GFF: Land muss Einschränkungen gegebenenfalls gesetzlich festlegen
Das Verfahren war von der Gesellschaft für Freiheitsrechte (GFF), PRO ASYL, der Aktion Bleiberecht und dem Flüchtlingsrat Baden-Württemberg unterstützt worden. "Die Entscheidung macht eine klare Ansage an das Land Baden-Württemberg.

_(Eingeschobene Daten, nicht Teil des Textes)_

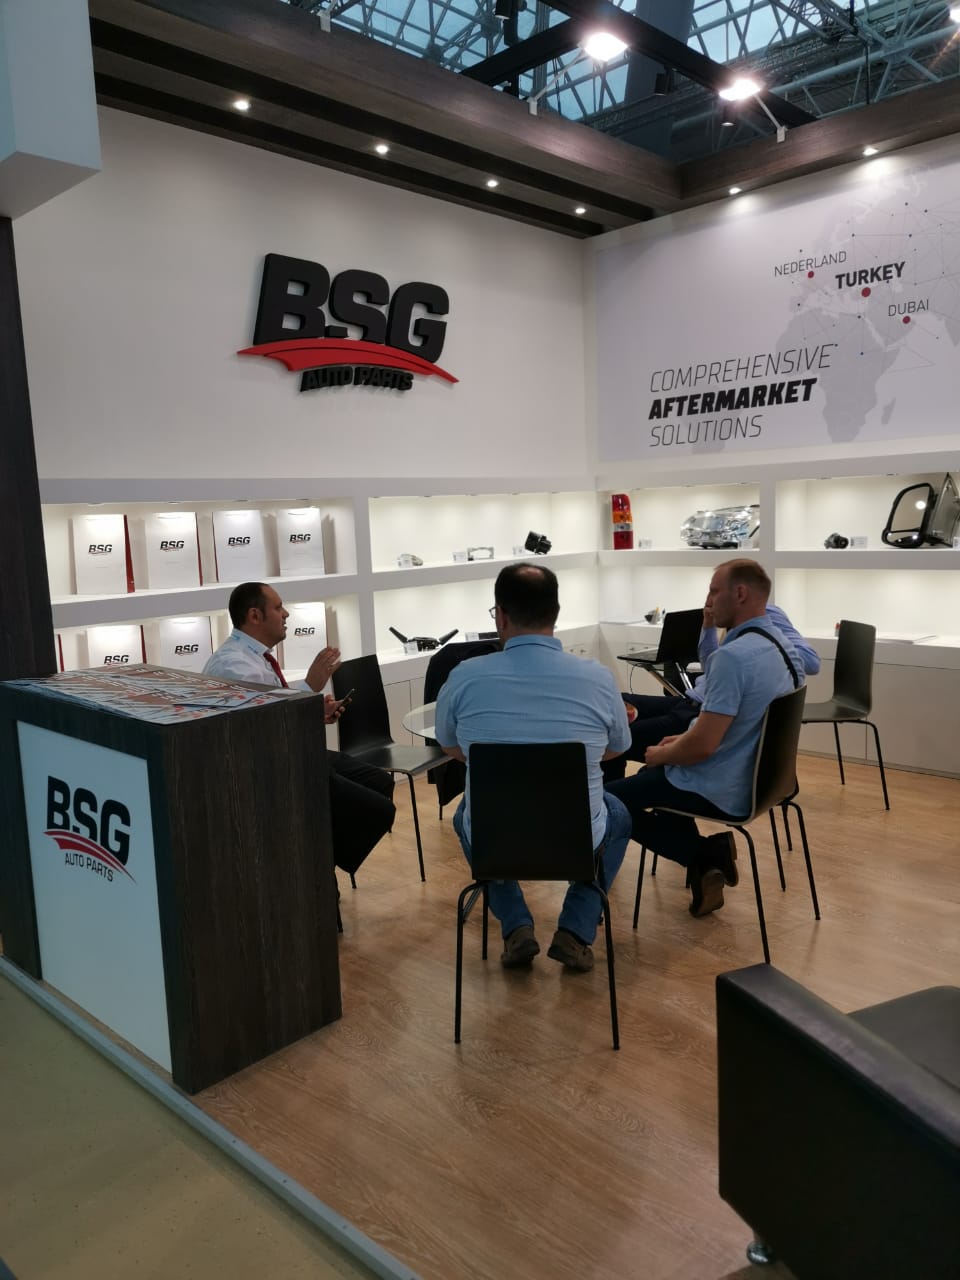 <p>BSG Auto Parts, one of the Turkey's leading aftermarket parts brands joined the 13th. Automechanika Moscow which is held on 26 to 29 August 2019. This is the biggest trade expo in the CIS and Russian region. </p>

<p>Approximately 30,000 people from all over the world visited Russia's most important automotive supplier industry expo in Russia. As one of the biggest exhibitors, BSG came together with its current and potential business partners, as a high quality parts supplier for automobiles and light commercial vehicles, including accessory, equipment and other related parts. </p>

Weitreichende Grundrechtseingriffe per Hausordnung regeln – das geht nicht. Das Land muss Einschränkungen gesetzlich festlegen, nur dann sind Grundrechte und Demokratieprinzip gewahrt", sagte Sarah Lincoln, Juristin bei der GFF. Auch die Kläger Emmanuel Annor und Ba Gando erhoffen sich laut GFF nach dem Urteil eine Verbesserung der Situation in den Unterkünften: "Nach der Flucht brauchen wir einen Ort, an dem wir zur Ruhe kommen können. Bislang hatten wir in der Unterkunft kaum Privatsphäre. Das heutige Urteil macht Hoffnung auf Veränderung und ist für uns ein wichtiges Signal. Es bestärkt uns, weiter für uns und unsere Rechte einzustehen".